Component REPL log lines:
- transition to (PRIMARY, SECONDARY, STARTUP2, RECOVERY)
- stepping down
- election
Component COMMAND log lines:
- replSetStepDown - an administrator or automation agent has requested a primary to step down
- serverStatus was very slow - replication does not use the serverStatus command, but if this command is slow then other commands are likely also affected
MongoDB starting / dbexit - establishes when mongod instances were running and when they stopped

Election example

REPL log lines provide an overview of replication activity.

$ grep REPL server-a.mongod.log  | head

2017-10-09T03:57:28.550+0200 I REPL     [ReplicationExecutor] re-evaluating sync source because our current sync source's most recent OpTime is (term: 10, timestamp: Oct  9 03:56:14:3) which is more than 30s behind member server-c:27017 whose most recent OpTime is (term: 10, timestamp: Oct  9 03:57:40:2)
2017-10-09T03:57:28.550+0200 I REPL     [ReplicationExecutor] could not find member to sync from
2017-10-09T03:57:34.551+0200 I REPL     [ReplicationExecutor] syncing from: server-b:27017
2017-10-09T03:57:34.567+0200 I REPL     [SyncSourceFeedback] setting syncSourceFeedback to server-b:27017
2017-10-09T04:57:21.984+0200 I REPL     [ReplicationExecutor] syncing from: server-c:27017
2017-10-09T04:57:21.999+0200 I REPL     [SyncSourceFeedback] setting syncSourceFeedback to server-c:27017
2017-10-09T07:35:33.471+0200 I REPL     [ReplicationExecutor] re-evaluating sync source because our current sync source's most recent OpTime is (term: 10, timestamp: Oct  9 07:34:09:1) which is more than 30s behind member server-b:27017 whose most recent OpTime is (term: 10, timestamp: Oct  9 07:35:45:17)
2017-10-09T07:35:33.471+0200 I REPL     [ReplicationExecutor] could not find member to sync from
2017-10-09T07:35:39.472+0200 I REPL     [ReplicationExecutor] syncing from: server-c:27017
2017-10-09T07:35:39.487+0200 I REPL     [SyncSourceFeedback] setting syncSourceFeedback to server-c:27017
...

These REPL lines contain contain several messages unrelated to elections. To get a better view of election activity, filter out lines containing sync.
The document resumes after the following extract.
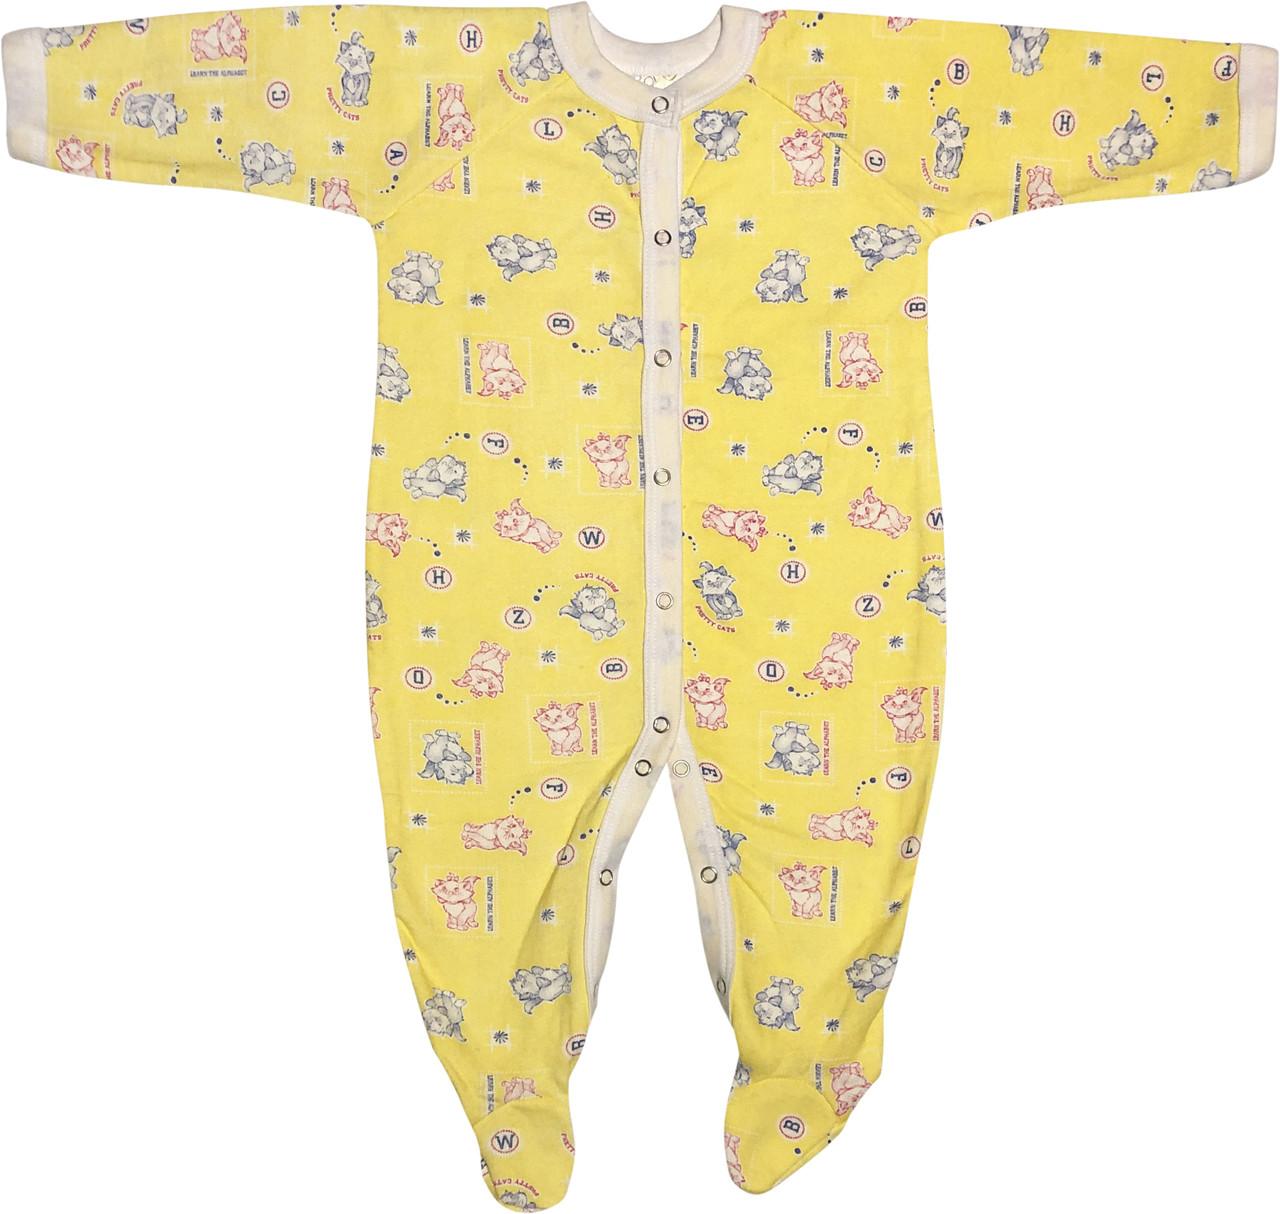 Теплий чоловічок з начосом для новонароджених ріст 74 6-9 міс на хлопчика дівчинку сліп бавовна футер жовтий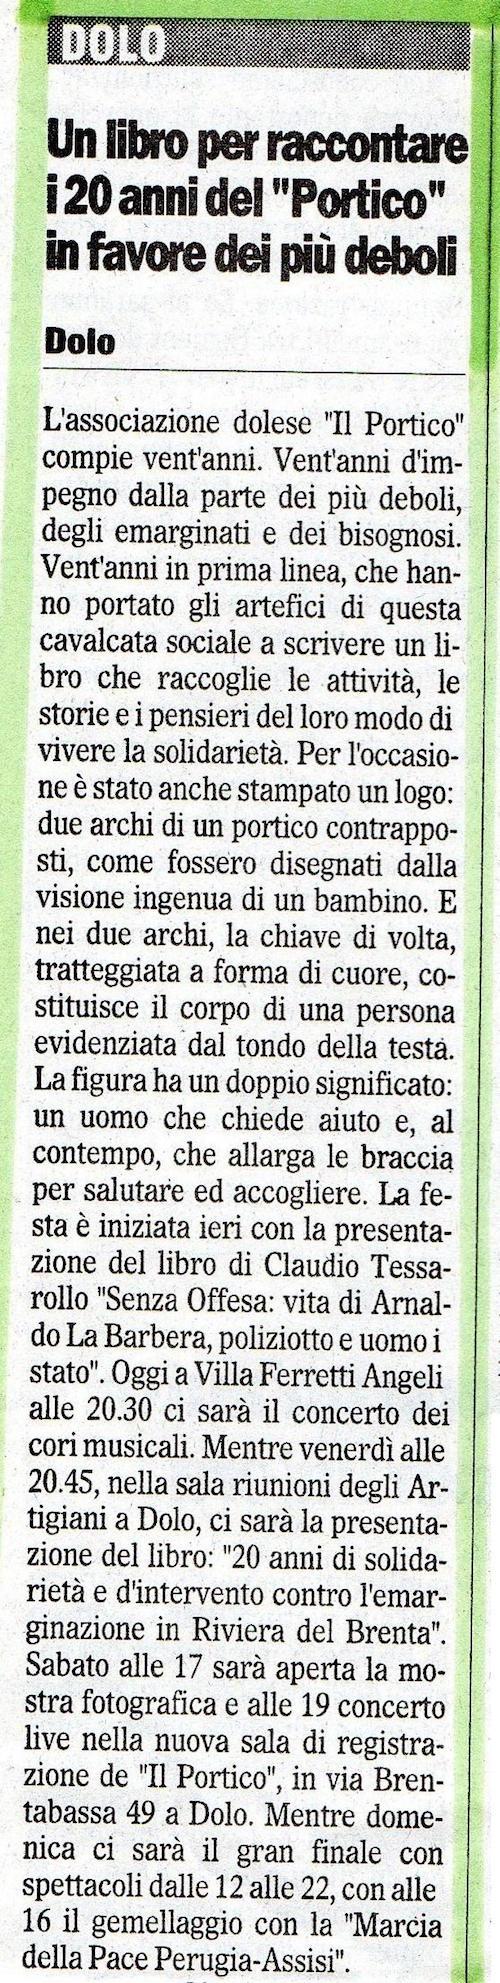 2005.09.08 Il Gazzettino di Venezia (p. 9)

You can use the same approach to filter out lines about failing heartbeats and other messages if they interfere with your view of election activity.

Lines containing election or transition to events are the most useful information to view.

$ grep REPL server-a.mongod.log  | grep -v sync | head

2017-10-11T11:16:43.616+0200 I REPL     [ReplicationExecutor] Starting an election, since we've seen no PRIMARY in the past 10000ms
2017-10-11T11:16:43.637+0200 I REPL     [ReplicationExecutor] conducting a dry run election to see if we could be elected
2017-10-11T11:16:43.649+0200 I REPL     [ReplicationExecutor] dry election run succeeded, running for election
2017-10-11T11:16:43.657+0200 I REPL     [ReplicationExecutor] election succeeded, assuming primary role in term 11
2017-10-11T11:16:43.657+0200 I REPL     [ReplicationExecutor] transition to PRIMARY
2017-10-11T11:16:43.666+0200 I REPL     [rsSync] transition to primary complete; database writes are now permitted
2017-10-11T11:16:45.697+0200 I REPL     [ReplicationExecutor] Member server-c:27017 is now in state SECONDARY
...

Transition to RECOVERY then STARTUP2 is normal soon after a replica set member starts. Unexpected transitions between SECONDARY and PRIMARY are of more importance.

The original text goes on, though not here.